Chicken chow mein
In collaboration with
Trois fois par jour
15 min Prepping
20 min Cooking
- 2 Exceldor chicken breasts, cut into strips
- 4 portions of long egg noodles
- A drizzle of sesame oil
- A drizzle of vegetable oil
- 1 yellow onion, chopped
- 1 pepper, cut into strips
- 1 carrot, cut into wedges
- 1 tray of shiitake mushrooms, sliced
- 2 cups of chicken broth
- ¼ cup soy sauce
- ¼ cup hoisin sauce
- 2 tbsp. sesame oil
Note: You can use a different selection of vegetables for variety. Sprouted beans, broccoli florets, snow peas or sweet peas, celery would be delicious in this recipe too!

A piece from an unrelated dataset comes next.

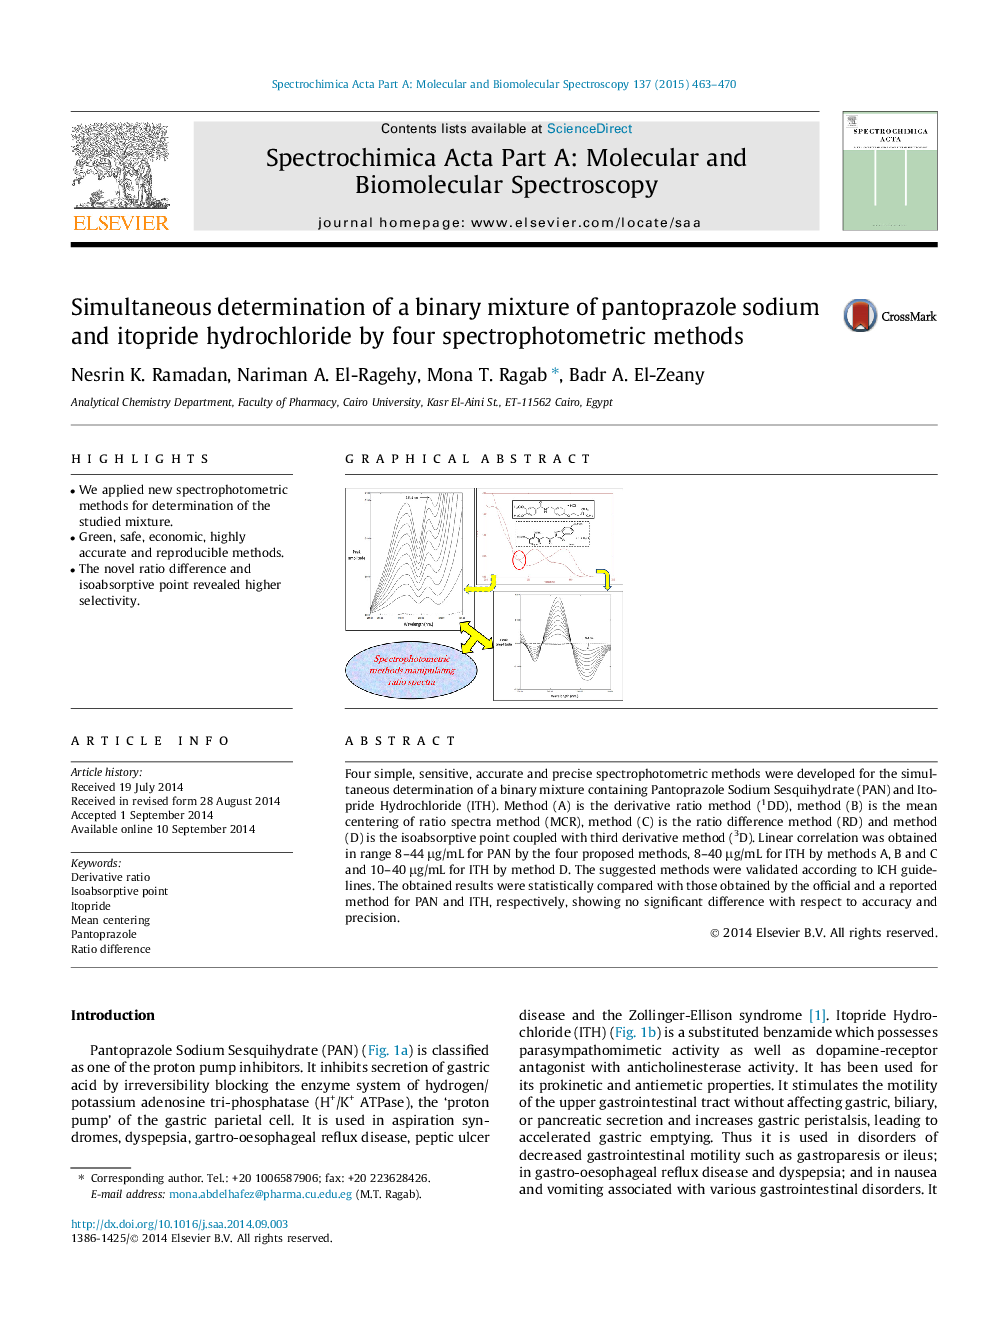 تعیین همزمان ترکیب دوتایی پانوترازول سدیم و هیدروکلراید آن با استفاده از چهار روش اسپکتروفتومتری 
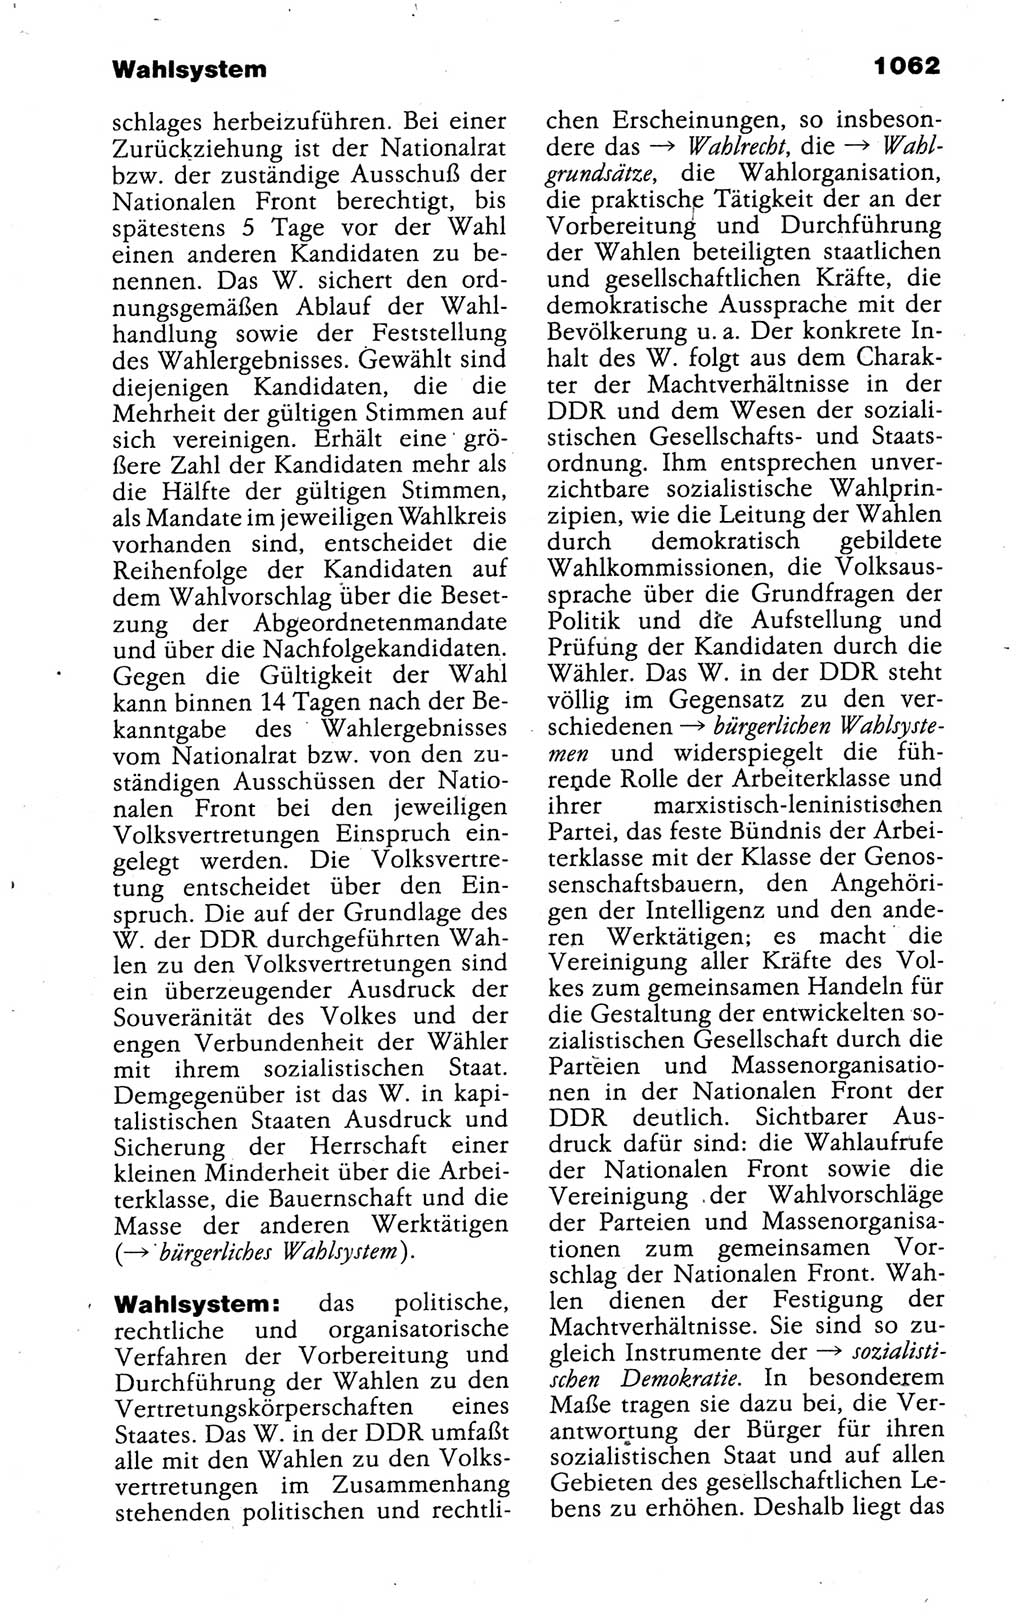 Kleines politisches Wörterbuch [Deutsche Demokratische Republik (DDR)] 1988, Seite 1062 (Kl. pol. Wb. DDR 1988, S. 1062)

Click the steps to erase them.
- Cook the noodles in a pot of boiling water, then drain and rinse in cold water. Add a thin drizzle of sesame oil, mix, and set aside.
- In a large measuring cup, combine all the ingredients “for the sauce”. Set aside.
- Heat a drizzle of vegetable oil in a wok or large, high-sided pan. Add chicken strips and cook for a few minutes, stirring, until they are thoroughly cooked.
- Add the onion, pepper, carrot, and shiitake mushrooms and cook while stirring, until the vegetables are al dente. Pour the vegetables and chicken into a plate.
- Pour a drizzle of oil into the wok, add the reserved cooled noodles and stir-fry for 1-2 minutes, stirring with tongs. Add the sauce and stir.
- Add the vegetables and chicken, stir again to blend well, adjust the seasoning, and serve hot.